Mal sabia contar minha idade direito quando me tornei ouvinte frequente de música. Já na adolescência aproveitava as avaliações semanais de críticos especializados para saber sobre novidades do mundo musical. Como também das críticas de cinema ou de teatro, para bispar escolhas sobre o que assistir. Cheguei até a recortar e colar algumas num caderno e acumulei críticas em todas as páginas. Aliás, sempre achei meio curiosa a percepção ambivalente que alguns músicos tinham sobre “críticos de música”, como se o papel do crítico fosse o de simplesmente “falar mal”. Será que era pelo “poder” de ouvir um disco em primeira mão, antes de todo mundo? Relações de amor e ódio temperadas ao sabor das críticas.

Nos idos da década de setenta eu não perdia as resenhas de jornalistas como Ana Maria Bahiana, Ezequiel Neves, Tárik de Souza e Antonio Carlos Miguel, dos que eu me lembre. Já em plena ebulição oitentista, a estes nomes se agregam Carlos Calado, Mauro Dias, Jamari França, Kiko Ferreira, Luís Antônio Giron, Irlam Rocha Lima, Zé Teles, André Forastieri, Pepe Escobar, Mauro Ferreira e mais uma porção de jornalistas com as antenas ligadas, algumas até hoje.

Mas vieram as transformações das décadas recentes na forma de produzir, distribuir e divulgar música. Toda uma geração de críticos se decompôs em formas alternativas ou paralelas de emitir opiniões e cobrir editorialmente o infinito universo de artistas que se movimentam na cena musical do planeta.

Mas afinal, para que serve (ou servia) a crítica? Ainda se lê (ou se escuta) a opinião ou juízo de valor sobre um disco, um Ep ou um show ao vivo?

Para quem tem vinte e poucos anos, a resposta é sim. Basta acessar ao canal The Needle Drop do youtuber Anthony Fantano. O cara ativa resenhas de discos há mais de dez anos, tem mais de dois milhões de inscritos no seu canal e aparentemente é a celebridade da vez em se tratando de “críticos de música”.

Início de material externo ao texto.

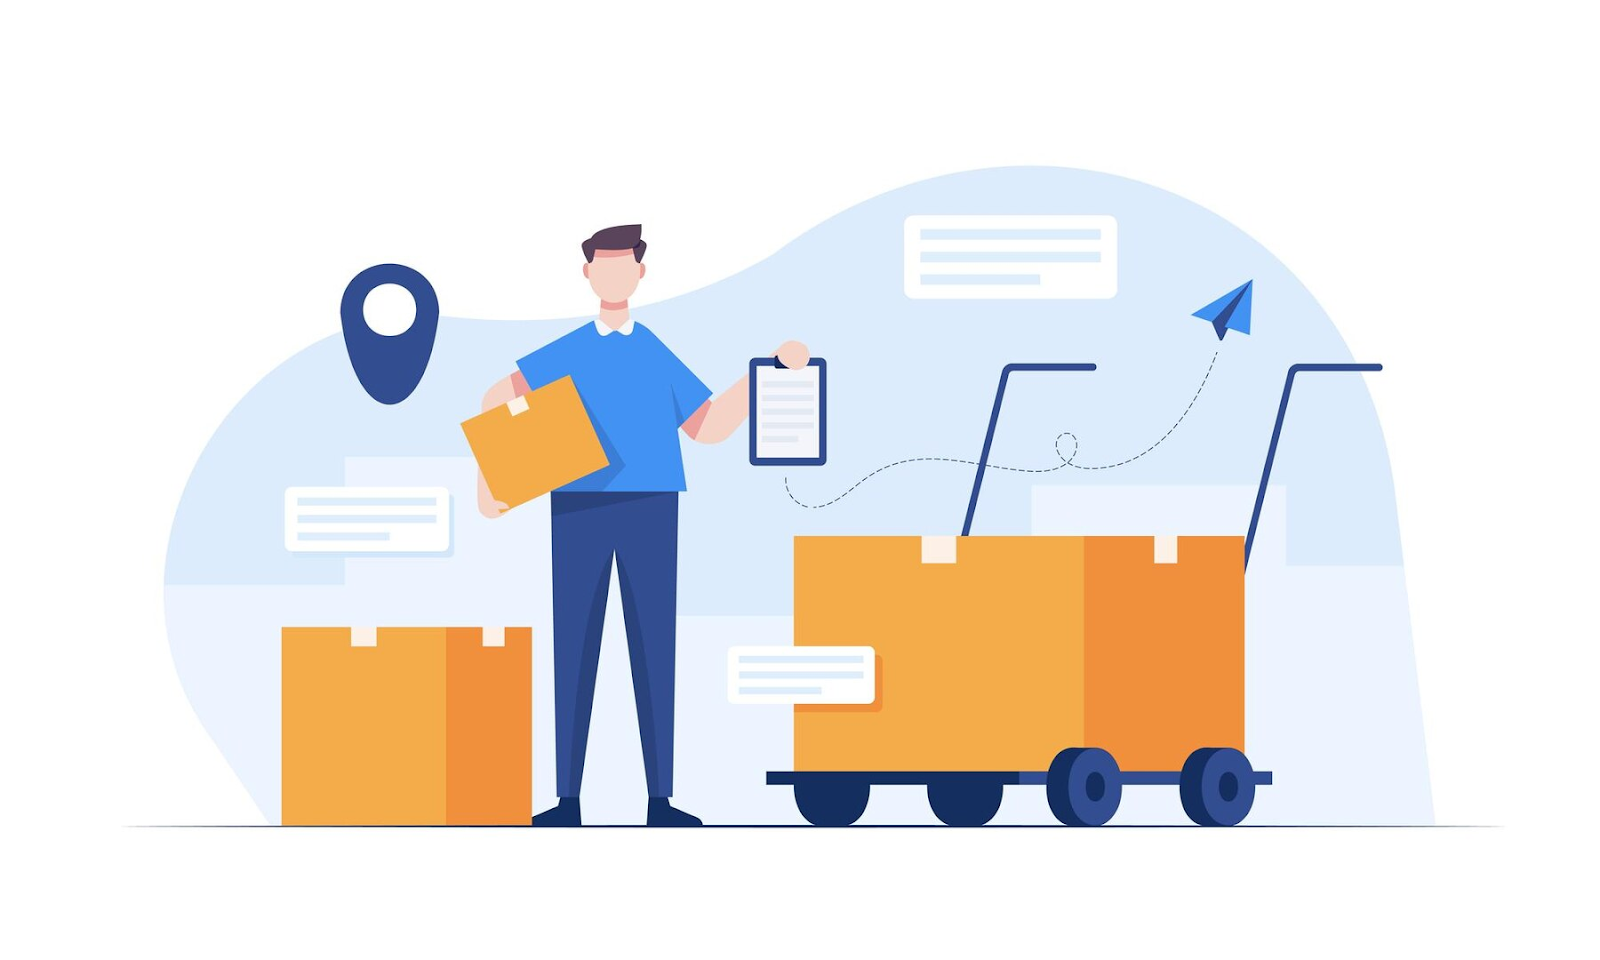 Orders and shipping management apps
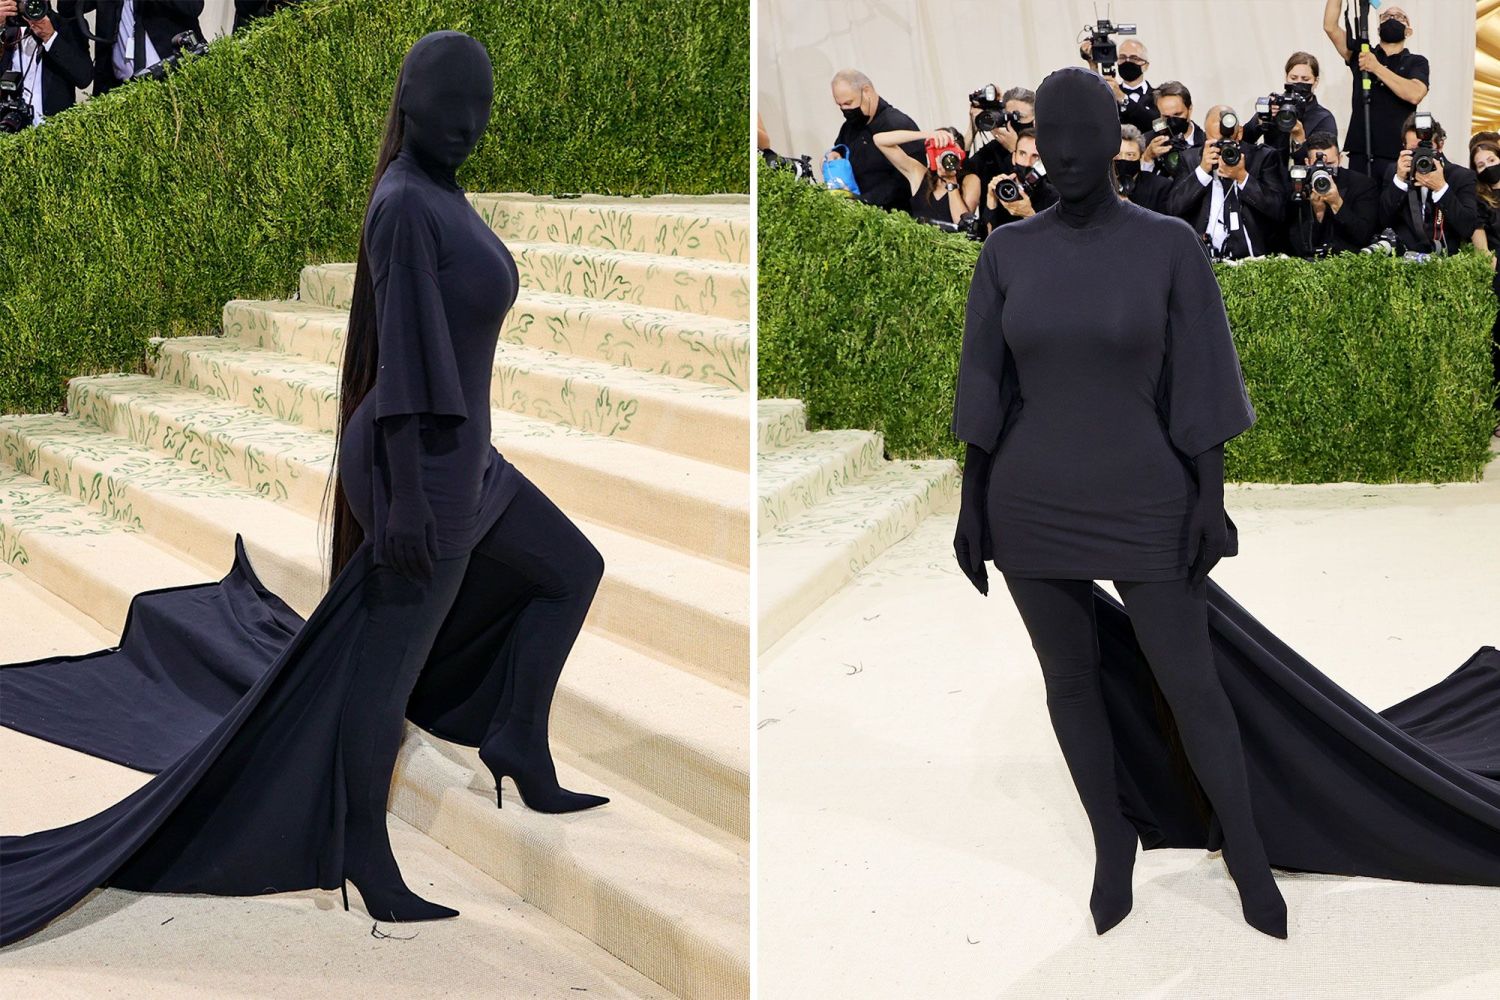 20 Celebs Who Turned Up The Heat With Their Outfits At The 2021 Met Gala

Mas se você tem mais do que 25 ou 30 anos e viveu a maior parte do tempo no sul do Brasil, a resposta é muito mais sim ainda. Basta procurar tudo que o Juarez Fonseca escreveu em seus 50 anos (…isso mesmo, cinquenta!) de atividade jornalística, amparado em seu conceituado espectro de crítico musical. Juarez faz 75 anos agora, neste dia 08 de setembro. Não só pela coleção de quase dez mil discos, mas pelos muitos livros, revistas, cds e fitas cassetes que possui, ele é um acervo de conhecimento e de matérias publicadas. Ouvinte atento, interessado e sobretudo assíduo, virou cinquenta anos dedicados ao jornalismo musical, e de modo muito especial, à música gaúcha.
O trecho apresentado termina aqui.